Thank you very much for sharing this information!

It would be great to read any paper that used such approaches. Do you have any reference?

Dear Gonzalo

The paper is in preparation and its submission may take some time as it is related to the PH.D. research of one of my student who is in the process of compiling the thesis.

Please keep us updated regarding the publication of your research.

To my experience the choice of cut-off due to max accuracy is not the optimal approach. The cut-off should be chosen according to the clinical application of the test and the "costs" of false positives and false negatives, respectively. E.g. if false positives should be avoided, one has to choose a cut-off at a high specificity level, let's say 95%. The comparison of single tests and combined test should also be performed at this level. Taking this example, one should compare sensitivities at a fixed specificity of 95%. The situation could occur, that the multiple test has a better AUC but in the clinical interesting range the improvement is not found!

Robert

Yesterday I posted my answer to your query BUT somehow it has not appeared

I used 150 cases (75 in each group) and conducted ROC with one indicator at a time -in some analyses the indicator variable was the total score on any scale or subscale while in others it was a composite score in form aggregate (sum)of several indicators. The selection of indicators for creating composite was either based on the observed accuracy of the individual indicators or the findings of CFA

Dear Rakesh,

In a previous post you have cited an answer from a researcher that suggested the following method.

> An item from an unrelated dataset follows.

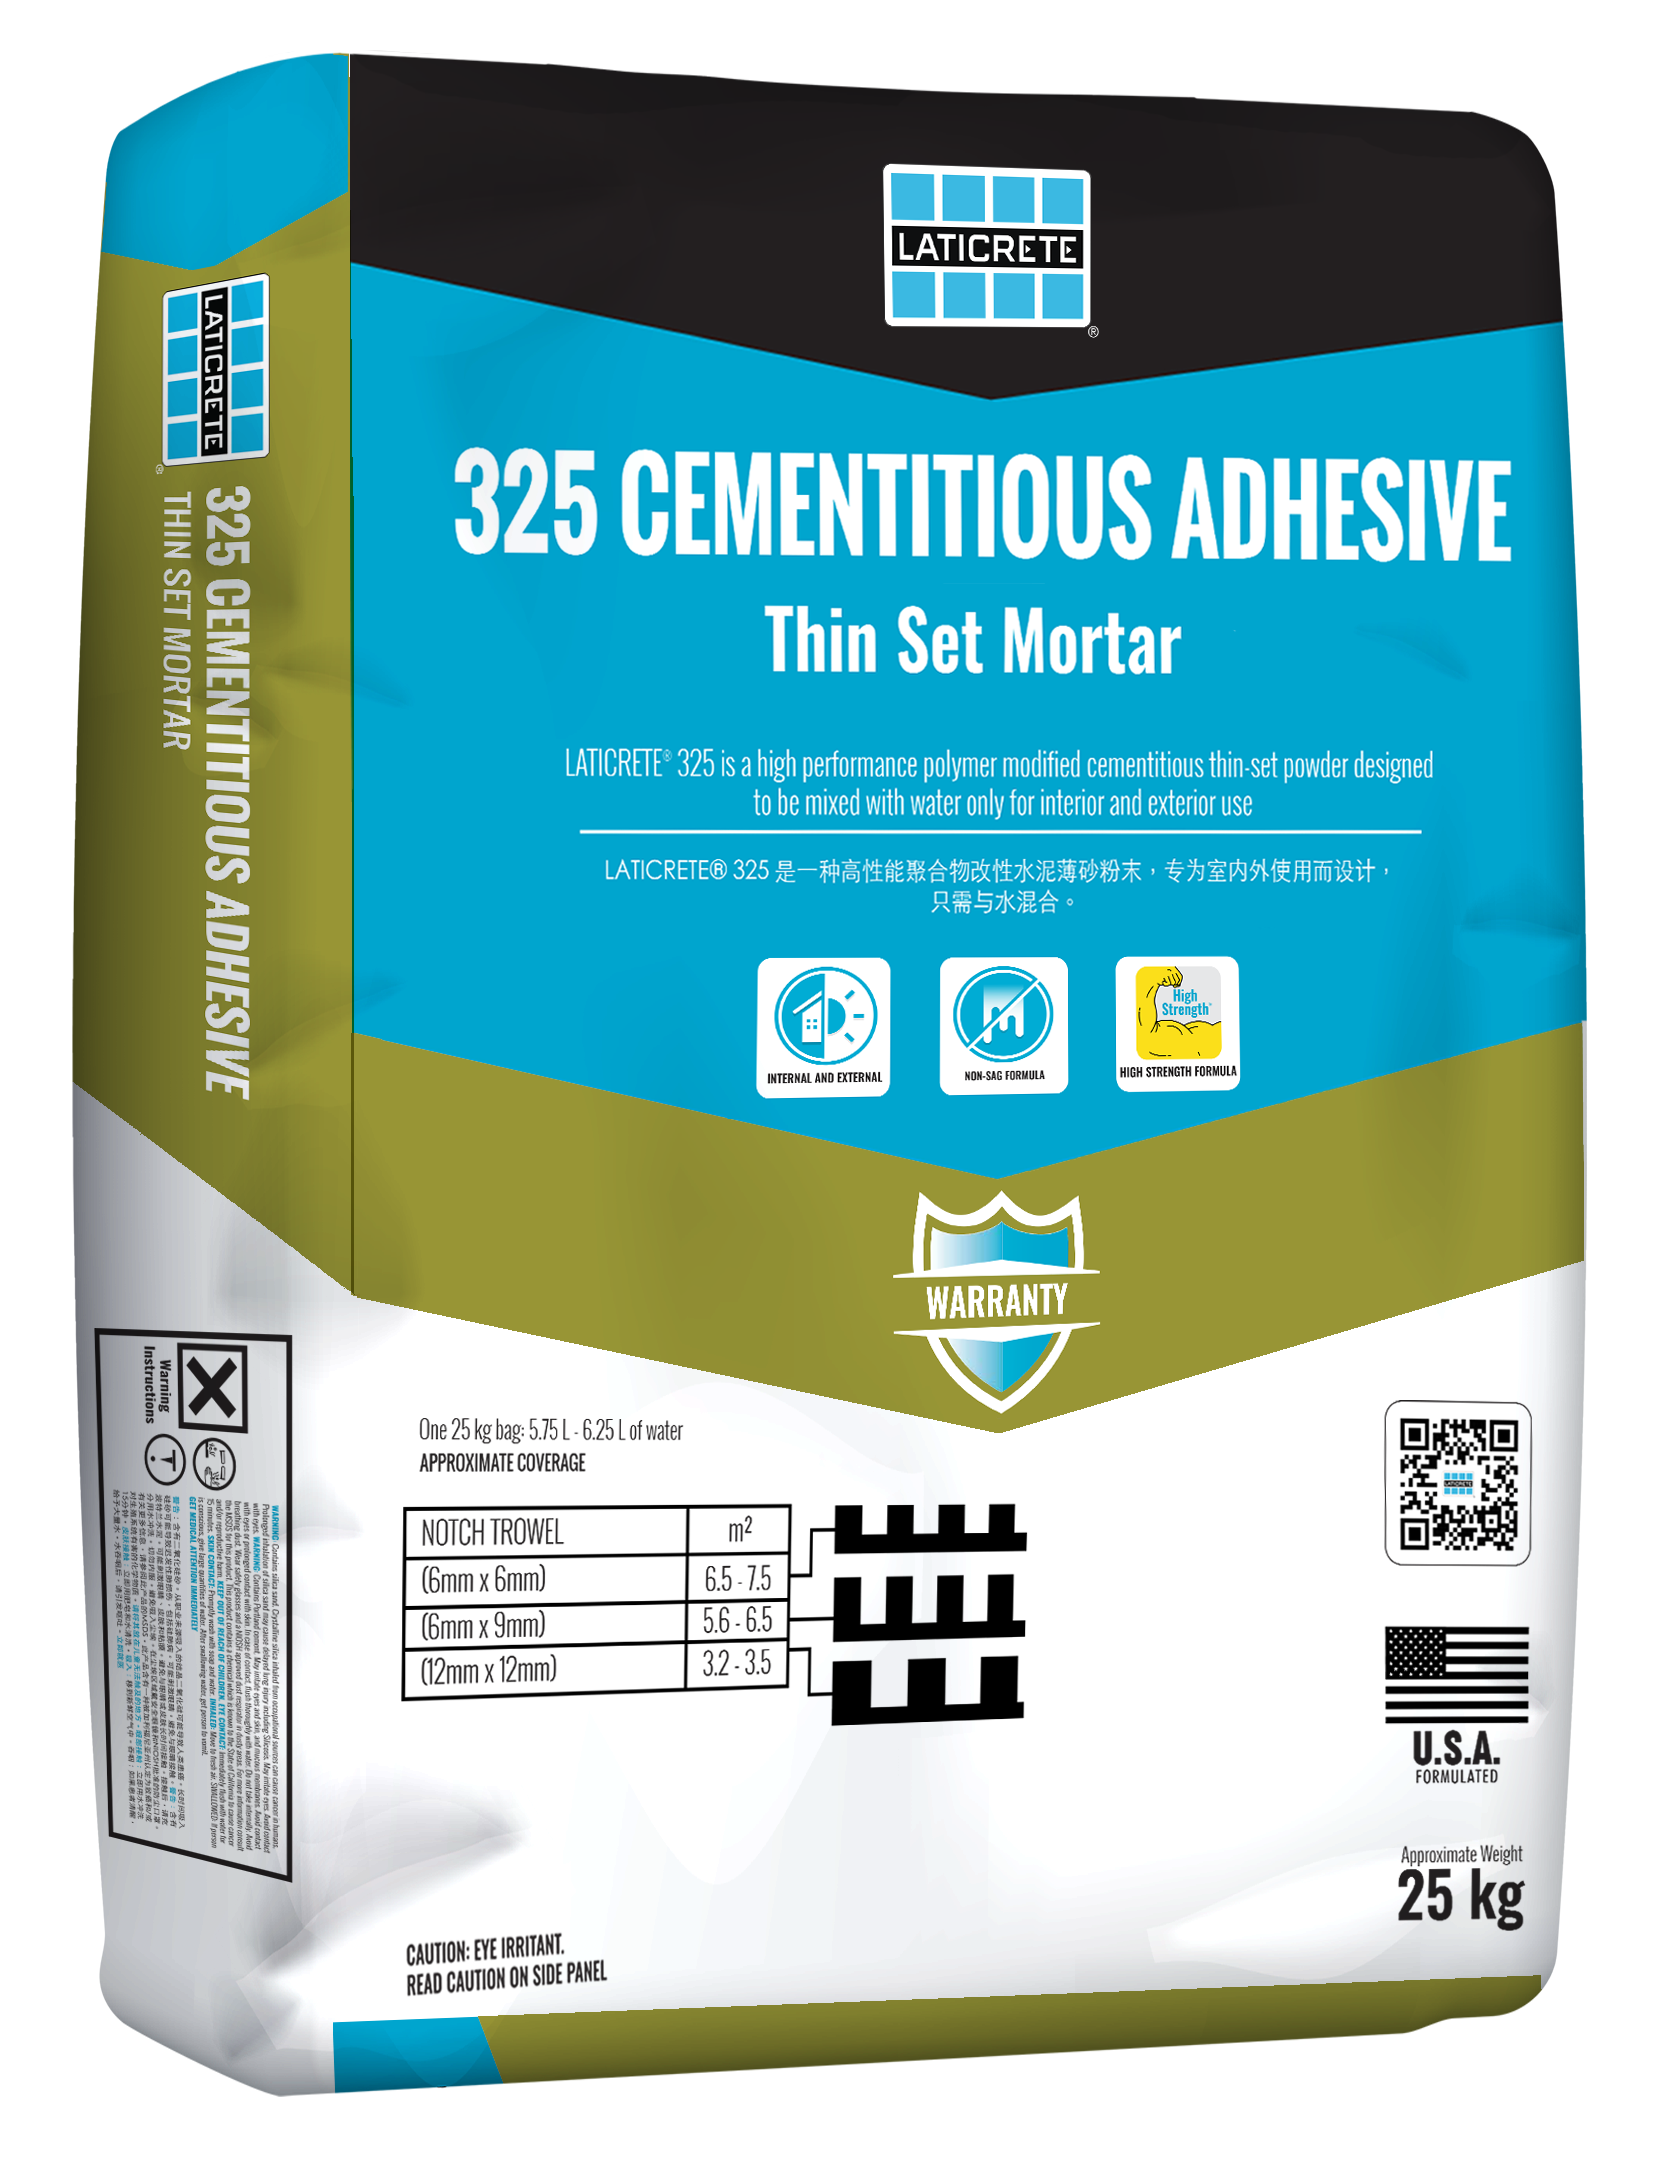 325 Cementitious Adhesive

"The general approach (using the MedCalc) is to conduct the ROC for a single (best) indicator and determine the cut-off score. Then to filter the cases using this cutoff score (i.e., select cases with a score higher than or equal to the cutoff score and then add the next best indicator and perform the ROC and determine the cutoff score for this second indicator. The sensitivity and specificity associated with this second indicator (obtained from the cases having a score higher than or equal to the cutoff score on the first indicator) is in fact the sensitivity and specificity for the combination of the cutoff scores of the two indicators."

We are currently applying it in our data from a neuropsychological battery. We want to support such approach with some references but we don't find it. Are you aware about any published paper that used this technique?

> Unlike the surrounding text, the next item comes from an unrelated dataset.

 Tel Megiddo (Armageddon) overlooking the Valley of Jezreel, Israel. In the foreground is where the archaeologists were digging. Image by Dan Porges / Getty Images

If it is possible and you feel that it is appropriate, can you disclose the name of the researcher that have made the comment?

Thank you very much!

Dear Gonzalo, I think the technique is described in this text: http://www.amazon.com/Recursive-Partitioning-Applications-Springer-Statistics/dp/1461426227/ref=sr_1_2?s=books&ie=UTF8&qid=1389370205&sr=1-2&keywords=recursive+partitioning+in+the+health+sciences

Dear Christos,

Thank you so much for your contribution.

I've been reviewing the preview of the book in Google books and a related lecture: c2s2.yale.edu/resources/lectures/LectureNotesOnRP.pdf

which covers chapters 1–4, 6, 8, and 9 of the book.

Unfortunately, I can't find what the approach that I am looking for, which in fact is the simplest.

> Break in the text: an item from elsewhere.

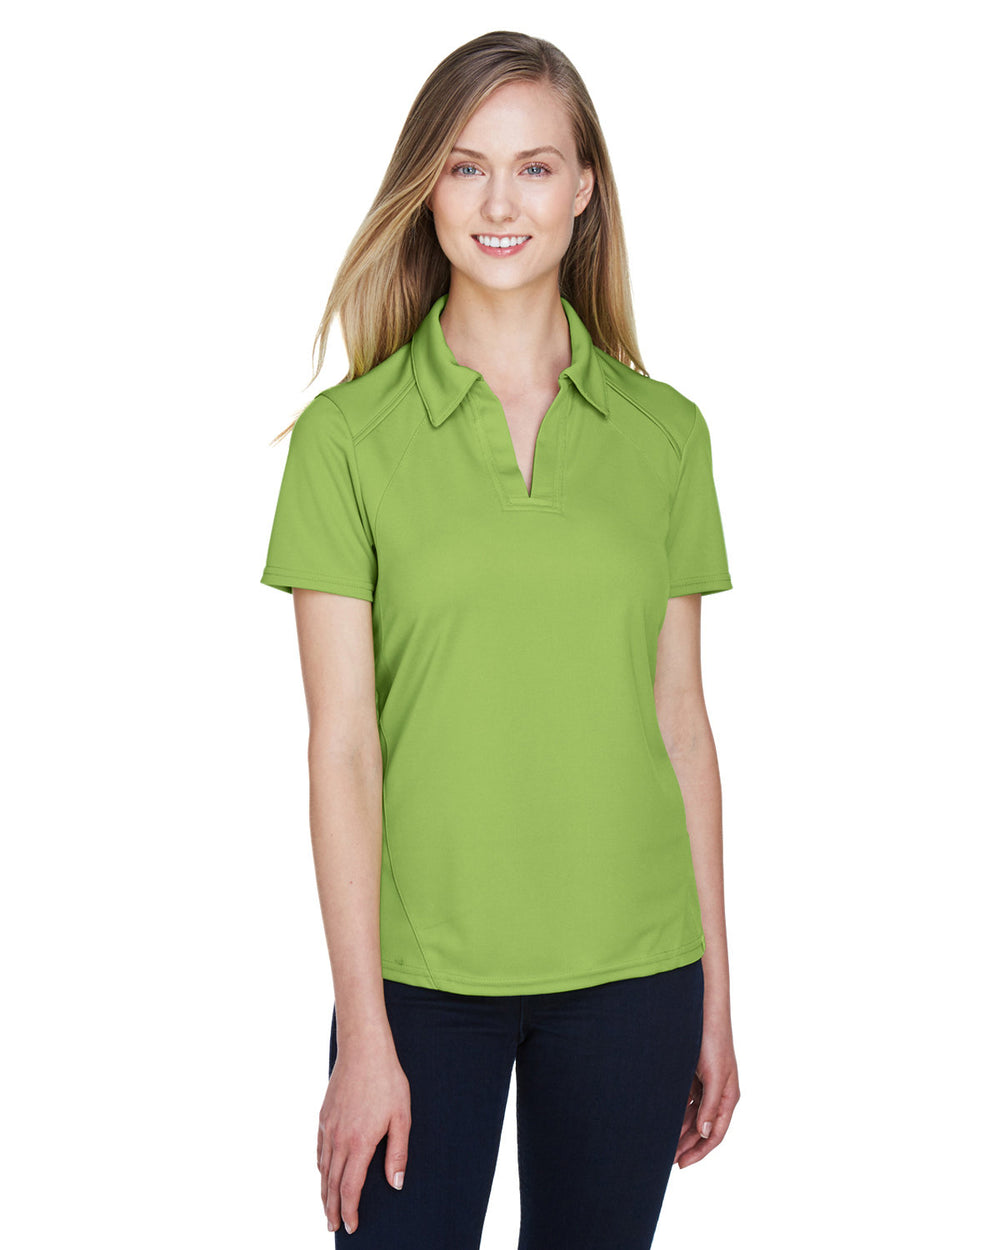 North End 78632 Ladies' Recycled Polyester Performance Piqu Polo

Could you please be more specific?

Anyway I'm going to try to have full access to the book.

Thanks again

Use Yoden index for your own specificity and sensitivity cut off, then calculate NRI and IDI

Dear Sánchez-Benavides

Sorry for delay in responding to your query

I think that the method that I described in my earlier post (to which you are referring to) is based on the method suggested in the attached paper

I am using Stata, so how can I estimate Youden index, correct classification rate.

Kind regards

Mizanur

can we use IDI or NRI to decide the cut points?